Abstract

For all that sociologists know about the institutional and historical aspects of cultural production, we know less about how cultural products are made on a day-to-day basis. It is this gap in knowledge that David Hesmondhalgh and Sarah Baker set out to fill in Creative Labour: Media Work in Three Cultural Industries, a valuable contribution to the recent surge of U.K. scholarship on creative work. Hesmondhalgh and Baker situate interview and ethnographic data against a panoramic theoretical backdrop, which includes cultural studies, the sociology of work, political economy, business school studies of creativity, cultural sociology, and “liberal political thought.” Though the authors’ sympathies clearly lie with the critical stance of cultural studies, the book is a worthy addition to scholarship on cultural sociology and the sociology of work.
In Part One of the book, Hesmondhalgh and Baker argue that creative work is a complicating case for the theorization of both work and culture, and devote a chapter to reviewing the theoretical literature in each area. The chapter on work is squarely in the labor process tradition, though the authors advocate substituting the concepts of “good” and “bad” work for alienation, and considering the products, and not just processes, of production. In the following chapter on cultural theory, the authors launch a convincing argument that creative labor should be analyzed as a distinct aspect of cultural production. They orient this discussion in relation to the political economy of culture; organizational, business, and management studies (into which they put “production of culture” research in sociology); and cultural studies. An excellent discussion of the concept of creativity in Raymond Williams’ work is included here as it relates to commerce, and an original and useful synthesis of Bourdieu on the art/commerce division follows. Overall, Hesmondhalgh and Baker frame their theoretical approach as infusing an appreciation of subjective experience into the political economy perspective, a normative orientation into the management/organizational approach, and a consideration of the contradictions of creative work into the cultural studies standpoint.
In Part Two of Creative Labour, the authors present findings from 63 interviews with creative workers in television production, music recording, and magazine publishing, along with twelve weeks of participant observation by Baker in an independent TV production company in London. This is a strong stand-alone section. In it, the authors answer their research question—”What kinds of experiences do jobs and occupations in the cultural industries offer their workers?”—by examining the aspects of work that creative workers find engaging, difficult, and rewarding (p. 1). Their interview data show well the intrinsically conflicted nature of creative labor. On the one hand, creative workers experience what could be conceived of as genuine charm and engagement in their labor, due to the high possibility of creativity in their work, the public nature of their products, the status of the industries in which they work, and, for some, the comfortable incomes and high sociability with fellow creatives. On the other hand, the work can be hard to come by, hard to do full time, and precarious. There is also the risk, as several respondents note with eloquence, of over-identification with one’s work—not being able to set it down or distance oneself from it, and the black vacuum of time and identity that can result. The chapter on Baker’s participant observation adds the concept of emotional labor to these points, showing that the precariousness of TV production and daily work with heart-rendingly hopeful contestants involve a significant outlay of emotion work to bring the weekly TV show to life.

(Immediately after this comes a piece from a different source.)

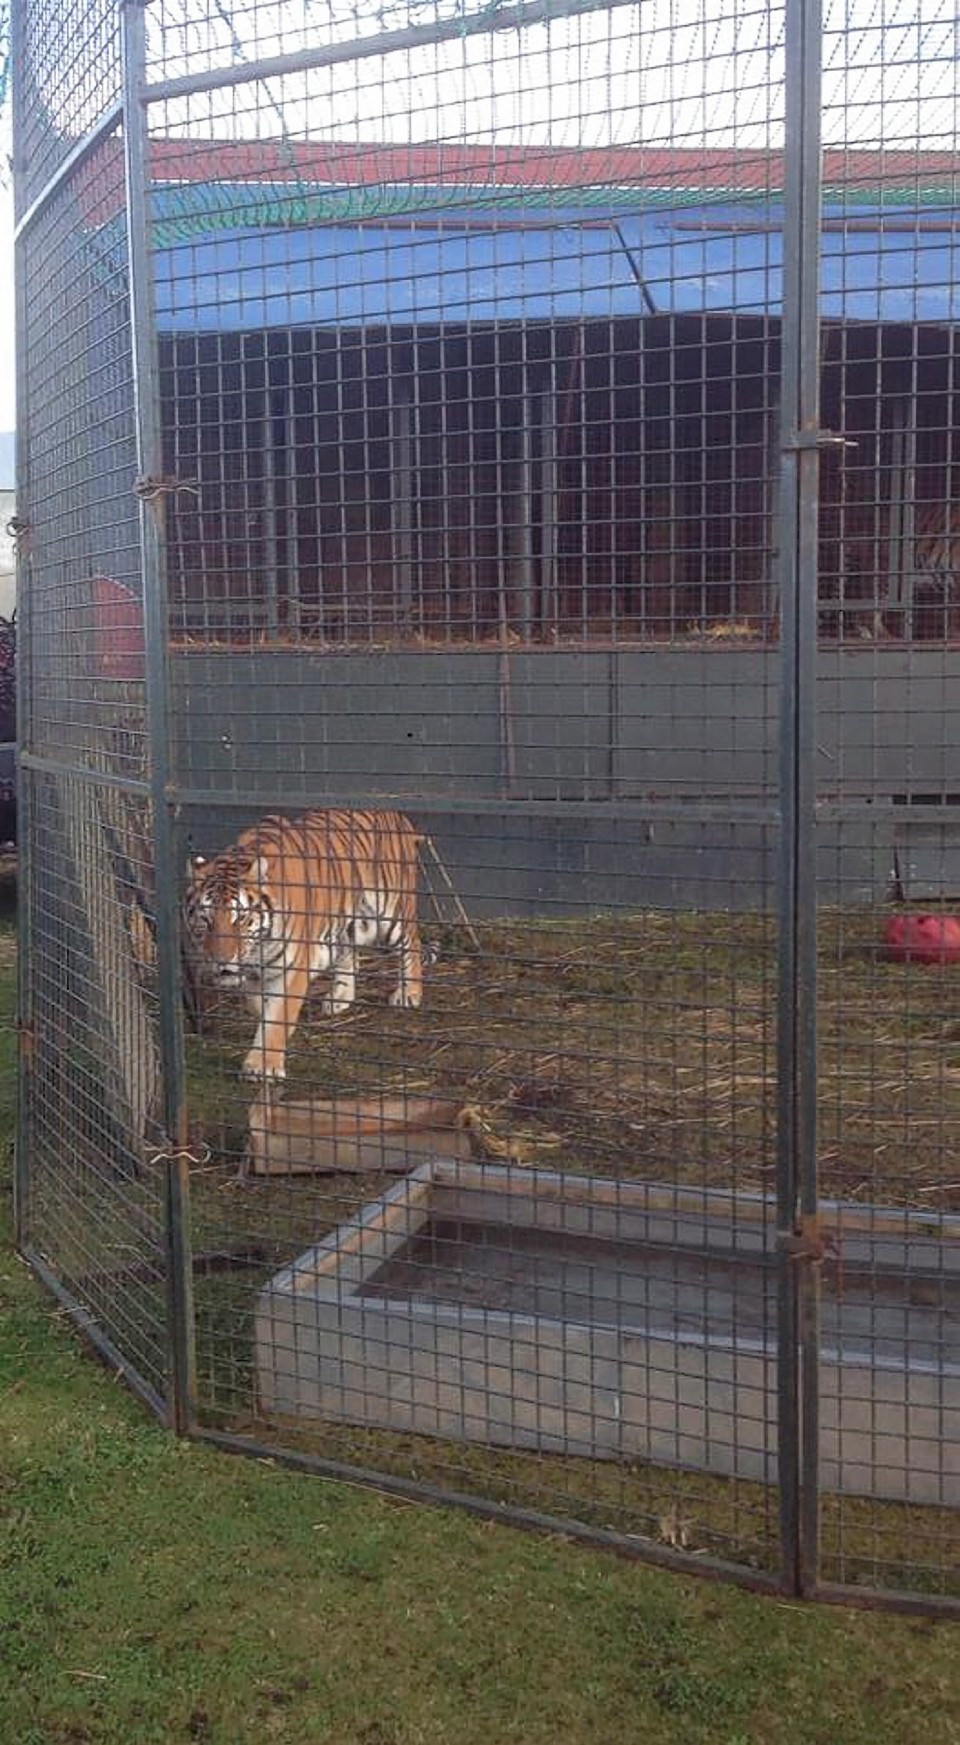 One of the three tigers staying at the farm over the winter

Chapter Eight, “Creative Products, Good and Bad,” is the star of the empirical section. Here, Hesmondhalgh and Baker consider creative workers’ relationship to the products they make, an empirical angle that forces a simultaneous consideration of work and culture. Data in this chapter investigate issues of ownership and the “good works” aspect of feeling that a creative product has a positive influence on society; though this is hard to imagine for some cultural products, other products are seen as “world changing” in their creators’ minds, or at least offering them the ability to create a unique aesthetic point of view. Conversely, the experience of producing a “bad” product is what most leads to a sense of forced creative production for workers, with commercial concerns often seen as the culprit for the decline in creative quality. Interestingly, the authors find that creative workers do not view their products as bad if they involve any commercial motivation, but only if they involve too much.
Creative Labour does a skillful job in showing the analytical and empirical relevance of a recent area of research and in enticing a wide range of readers, given its theoretical breadth. Of course, this breadth is also a liability in some sense, and leads Hesmondhalgh and Baker to make a more diffuse contribution than working within a more narrowly defined theoretical area would have enabled. Their empirical chapters contain informative data and their research design—namely, interviewing workers across three distinct cultural industries—is robust. However, the data analysis is hampered by a rather broad research question (noted above), which leads the authors to trace the usual contours of job satisfaction in their data; it is not always clear how culture matters in their analysis. At the same time, many points are revelatory. Culture and commerce are not idle abstractions for creative workers; they work out the contradictions that exist between the logics of culture and commerce as they sit down at their keyboards, editing stations, digital and virtual canvases. Creative Labour’s data and theoretical framing are effective in unpacking some of these contradictions, and Hesmondhalgh and Baker set several disciplines ahead with this research.